而今天真田说了解散之后,柳还想和真田继续之前没说完的话题。

    真田却匆匆对他说了声抱歉:“今天我还有事,先走一步。”

    柳应了好。

    然后望着真田急切离开的背影,有些愕然。

    呃……该不会去找幸村去了吧?

    柳在心里胡乱猜测着。

    直到坐上前往东京的列车,真田才渐渐冷静下来。

    他有点难以置信自己也有头脑发热、一时冲动的时候。

    真田揉了揉眉心。

    他打电话给家里,告诉家人自己今天会晚些回去。

    接电话的是真田妈妈。

    她顺口问道:“有什么事要做吗?”

    真田不知为何犹豫了一下,才实话实说:“要去看望幸村。

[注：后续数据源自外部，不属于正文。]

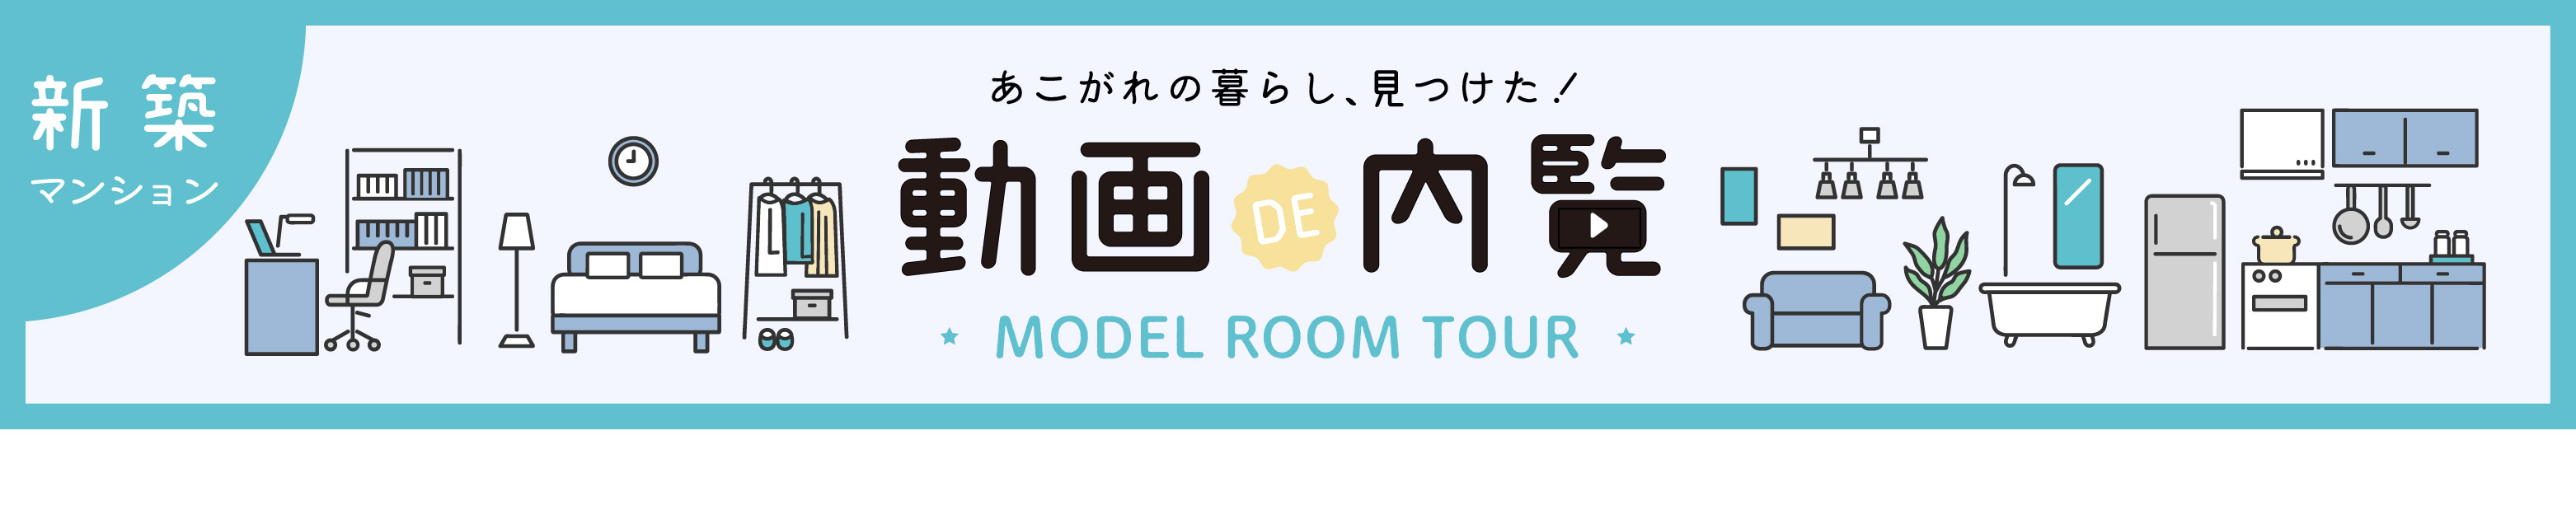 【新築マンション】動画で内覧 MODEL ROOM TOUR

”

    这段时间真田妈妈已经对真田经常去看望幸村一事习以为常,虽然有些奇怪为什么这次会突然决定在部活后才去探视,不过真田妈妈并没有多说什么,只是嘱咐了一句“注意安全”。

    到达医院的时候已经快八点了。

    距离医院越近越期待的真田突然发现,医院的大门紧闭。

    他这才意识到,自己错过了平时的探视时间。

    之前有多期待现在就有多失落。

    真田握着手机,一边犹豫要不要给忍足打个电话,拜托医院通融一下,一边绕着医院的大楼走了半圈,找到幸村病房的窗户。

    他想先确定一下幸村有没有休息。

    房间里面正亮着灯。

    真田眼睛也随之一亮。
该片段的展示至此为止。